Bruce nodded. He had no objection. He’d received the same orders last night, and watching a civilian hacker at work would be educational.
“You heard the lady, Akari,” he said. “What do you need me to do first?”
“Go shopping,” Akari replied. She spread her arms and twirled on the spot. “I didn’t realize the room would be this … wide. There aren’t enough picnic sheets.”
It was true that only half of the ceiling had been covered, and expensive-looking fabric wallpaper could still be seen in places between the mats near the door. Bruce’s eyes went wide when he realized what he was seeing. There was real embroidery on that wallpaper! It must have cost thirty dollars a square foot. And Akari was stapling picnic mats to it.

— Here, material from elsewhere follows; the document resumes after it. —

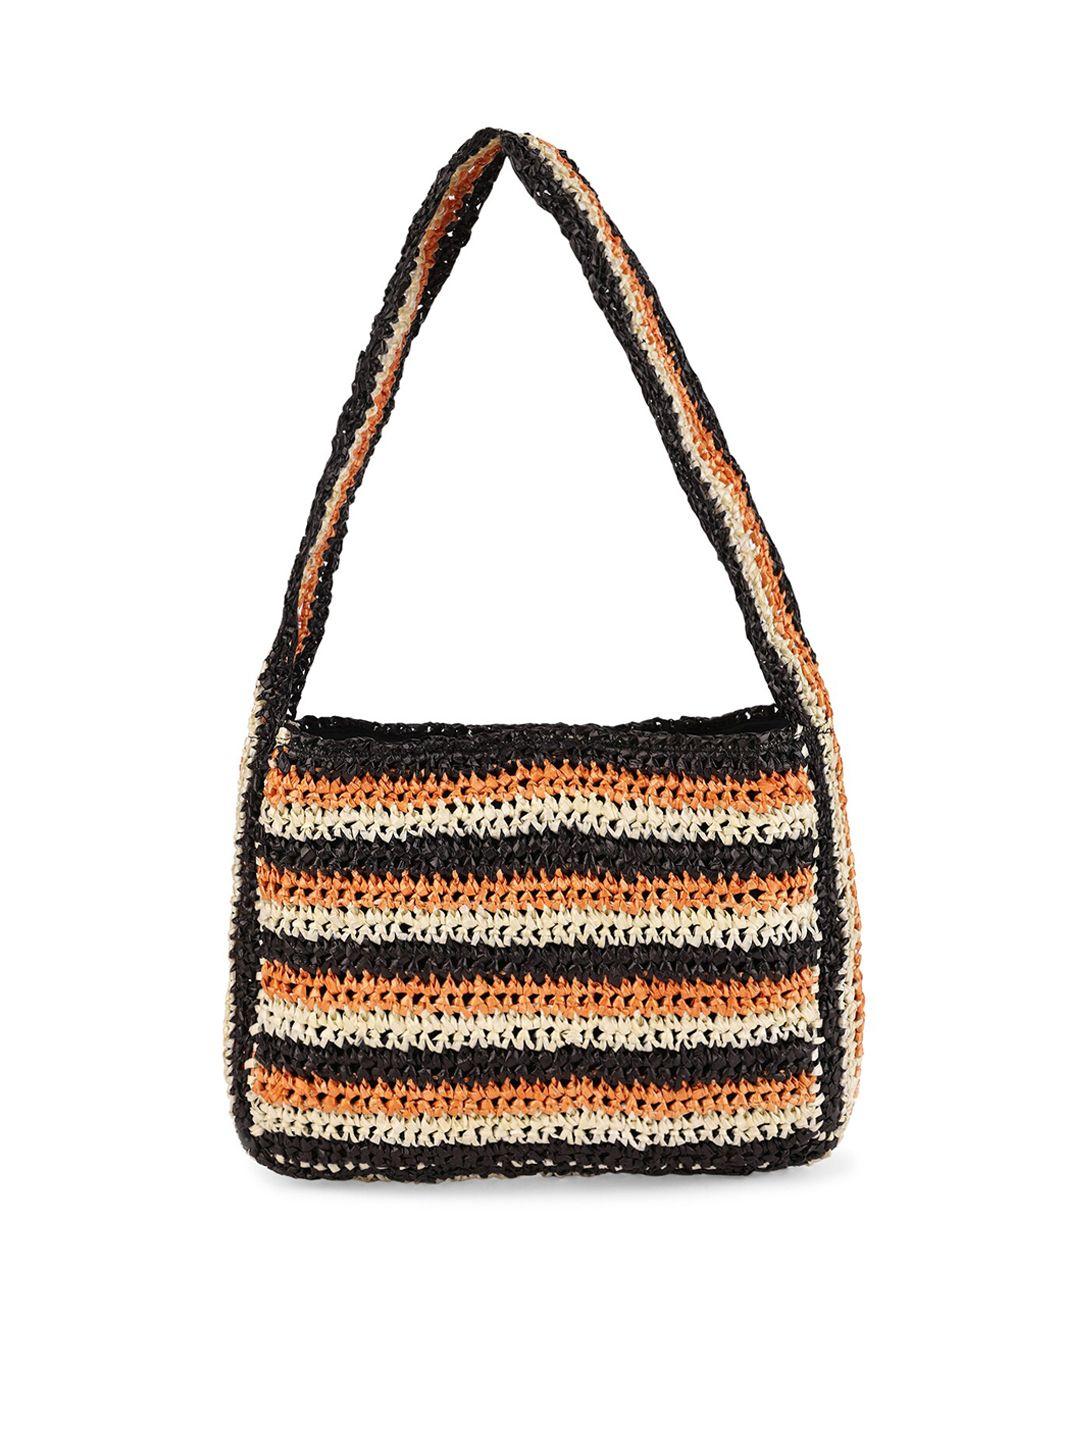 rediscover fashion striped shopper handheld bag

“Also, I want to put a security camera outside the door,” Akari said. “Can you buy one of those too? A small one.”
Chris patted Bruce’s shoulder. “I’ve got a favor to ask, too,” she said. “This, uh, redecorating—can you talk to the hotel about it, see what they want to let it pass? Just think of it as start-up costs for the team and it’ll feel like a bargain.”
“No problem. What about Daryl? I don’t see Kazumi anywhere, either.”